## YOUR GOAL
Could you write out the opening lines of the data, word for word, stopping after the line that contains "Titel: Die Revolution"?

## EXERCISE MATERIAL
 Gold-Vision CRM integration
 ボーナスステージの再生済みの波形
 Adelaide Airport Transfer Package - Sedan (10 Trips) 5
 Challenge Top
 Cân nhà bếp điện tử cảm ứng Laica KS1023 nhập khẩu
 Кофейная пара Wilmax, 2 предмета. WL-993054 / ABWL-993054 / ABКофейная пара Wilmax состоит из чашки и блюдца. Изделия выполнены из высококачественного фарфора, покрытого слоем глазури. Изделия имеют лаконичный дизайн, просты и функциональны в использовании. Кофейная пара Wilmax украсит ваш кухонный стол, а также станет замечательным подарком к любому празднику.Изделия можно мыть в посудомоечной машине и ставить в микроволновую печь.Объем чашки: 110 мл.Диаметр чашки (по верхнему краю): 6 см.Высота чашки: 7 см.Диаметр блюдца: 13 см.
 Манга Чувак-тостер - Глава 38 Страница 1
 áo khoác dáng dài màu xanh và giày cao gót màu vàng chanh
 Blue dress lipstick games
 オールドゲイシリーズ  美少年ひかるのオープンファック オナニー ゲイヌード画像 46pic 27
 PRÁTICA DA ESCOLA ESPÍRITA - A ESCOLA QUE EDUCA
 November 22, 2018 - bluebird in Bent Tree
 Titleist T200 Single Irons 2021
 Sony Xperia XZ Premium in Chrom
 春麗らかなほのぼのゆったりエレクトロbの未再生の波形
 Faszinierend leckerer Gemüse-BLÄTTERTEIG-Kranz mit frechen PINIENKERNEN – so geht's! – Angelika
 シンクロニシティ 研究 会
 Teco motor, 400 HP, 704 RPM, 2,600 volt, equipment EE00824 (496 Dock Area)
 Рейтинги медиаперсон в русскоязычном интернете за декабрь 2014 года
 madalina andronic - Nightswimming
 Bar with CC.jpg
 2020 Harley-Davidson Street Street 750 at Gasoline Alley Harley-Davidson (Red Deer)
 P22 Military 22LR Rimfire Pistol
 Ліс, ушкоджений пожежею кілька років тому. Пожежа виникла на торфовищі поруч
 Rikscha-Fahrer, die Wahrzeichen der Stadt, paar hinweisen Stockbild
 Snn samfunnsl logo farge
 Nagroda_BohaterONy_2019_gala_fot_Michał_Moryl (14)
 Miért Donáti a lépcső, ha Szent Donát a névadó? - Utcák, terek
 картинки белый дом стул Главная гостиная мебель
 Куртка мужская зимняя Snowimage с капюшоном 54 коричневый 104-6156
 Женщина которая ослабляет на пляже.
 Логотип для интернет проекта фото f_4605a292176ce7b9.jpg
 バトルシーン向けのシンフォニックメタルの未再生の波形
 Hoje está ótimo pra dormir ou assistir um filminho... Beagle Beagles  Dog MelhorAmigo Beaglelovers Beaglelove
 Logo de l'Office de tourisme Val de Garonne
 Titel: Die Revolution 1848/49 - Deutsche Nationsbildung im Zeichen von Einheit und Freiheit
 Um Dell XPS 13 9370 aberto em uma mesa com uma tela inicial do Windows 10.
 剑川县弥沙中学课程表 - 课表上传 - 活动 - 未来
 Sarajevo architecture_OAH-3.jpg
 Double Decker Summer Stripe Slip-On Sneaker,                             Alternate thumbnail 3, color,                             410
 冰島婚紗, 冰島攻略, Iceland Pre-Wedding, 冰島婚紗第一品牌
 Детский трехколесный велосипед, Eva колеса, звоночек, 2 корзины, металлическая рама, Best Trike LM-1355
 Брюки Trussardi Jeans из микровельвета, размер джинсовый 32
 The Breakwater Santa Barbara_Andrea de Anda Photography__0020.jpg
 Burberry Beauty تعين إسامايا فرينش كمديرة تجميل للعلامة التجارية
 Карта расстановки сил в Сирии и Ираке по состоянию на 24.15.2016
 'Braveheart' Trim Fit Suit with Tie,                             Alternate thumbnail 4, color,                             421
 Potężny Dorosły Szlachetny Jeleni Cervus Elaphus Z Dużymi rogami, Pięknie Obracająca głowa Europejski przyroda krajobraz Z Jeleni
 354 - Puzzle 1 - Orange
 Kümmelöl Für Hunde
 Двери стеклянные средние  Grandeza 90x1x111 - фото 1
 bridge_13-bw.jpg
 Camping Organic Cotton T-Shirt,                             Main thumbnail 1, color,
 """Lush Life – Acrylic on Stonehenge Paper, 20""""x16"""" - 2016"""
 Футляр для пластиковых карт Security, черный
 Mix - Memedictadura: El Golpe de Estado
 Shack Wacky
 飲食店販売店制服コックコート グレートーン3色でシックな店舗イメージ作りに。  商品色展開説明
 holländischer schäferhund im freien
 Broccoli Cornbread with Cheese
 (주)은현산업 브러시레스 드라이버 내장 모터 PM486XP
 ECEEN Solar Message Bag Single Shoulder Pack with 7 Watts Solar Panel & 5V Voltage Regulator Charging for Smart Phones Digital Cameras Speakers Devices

## YOUR RESPONSE
 Gold-Vision CRM integration
 ボーナスステージの再生済みの波形
 Adelaide Airport Transfer Package - Sedan (10 Trips) 5
 Challenge Top
 Cân nhà bếp điện tử cảm ứng Laica KS1023 nhập khẩu
 Кофейная пара Wilmax, 2 предмета. WL-993054 / ABWL-993054 / ABКофейная пара Wilmax состоит из чашки и блюдца. Изделия выполнены из высококачественного фарфора, покрытого слоем глазури. Изделия имеют лаконичный дизайн, просты и функциональны в использовании. Кофейная пара Wilmax украсит ваш кухонный стол, а также станет замечательным подарком к любому празднику.Изделия можно мыть в посудомоечной машине и ставить в микроволновую печь.Объем чашки: 110 мл.Диаметр чашки (по верхнему краю): 6 см.Высота чашки: 7 см.Диаметр блюдца: 13 см.
 Манга Чувак-тостер - Глава 38 Страница 1
 áo khoác dáng dài màu xanh và giày cao gót màu vàng chanh
 Blue dress lipstick games
 オールドゲイシリーズ  美少年ひかるのオープンファック オナニー ゲイヌード画像 46pic 27
 PRÁTICA DA ESCOLA ESPÍRITA - A ESCOLA QUE EDUCA
 November 22, 2018 - bluebird in Bent Tree
 Titleist T200 Single Irons 2021
 Sony Xperia XZ Premium in Chrom
 春麗らかなほのぼのゆったりエレクトロbの未再生の波形
 Faszinierend leckerer Gemüse-BLÄTTERTEIG-Kranz mit frechen PINIENKERNEN – so geht's! – Angelika
 シンクロニシティ 研究 会
 Teco motor, 400 HP, 704 RPM, 2,600 volt, equipment EE00824 (496 Dock Area)
 Рейтинги медиаперсон в русскоязычном интернете за декабрь 2014 года
 madalina andronic - Nightswimming
 Bar with CC.jpg
 2020 Harley-Davidson Street Street 750 at Gasoline Alley Harley-Davidson (Red Deer)
 P22 Military 22LR Rimfire Pistol
 Ліс, ушкоджений пожежею кілька років тому. Пожежа виникла на торфовищі поруч
 Rikscha-Fahrer, die Wahrzeichen der Stadt, paar hinweisen Stockbild
 Snn samfunnsl logo farge
 Nagroda_BohaterONy_2019_gala_fot_Michał_Moryl (14)
 Miért Donáti a lépcső, ha Szent Donát a névadó? - Utcák, terek
 картинки белый дом стул Главная гостиная мебель
 Куртка мужская зимняя Snowimage с капюшоном 54 коричневый 104-6156
 Женщина которая ослабляет на пляже.
 Логотип для интернет проекта фото f_4605a292176ce7b9.jpg
 バトルシーン向けのシンフォニックメタルの未再生の波形
 Hoje está ótimo pra dormir ou assistir um filminho... Beagle Beagles  Dog MelhorAmigo Beaglelovers Beaglelove
 Logo de l'Office de tourisme Val de Garonne
 Titel: Die Revolution 1848/49 - Deutsche Nationsbildung im Zeichen von Einheit und Freiheit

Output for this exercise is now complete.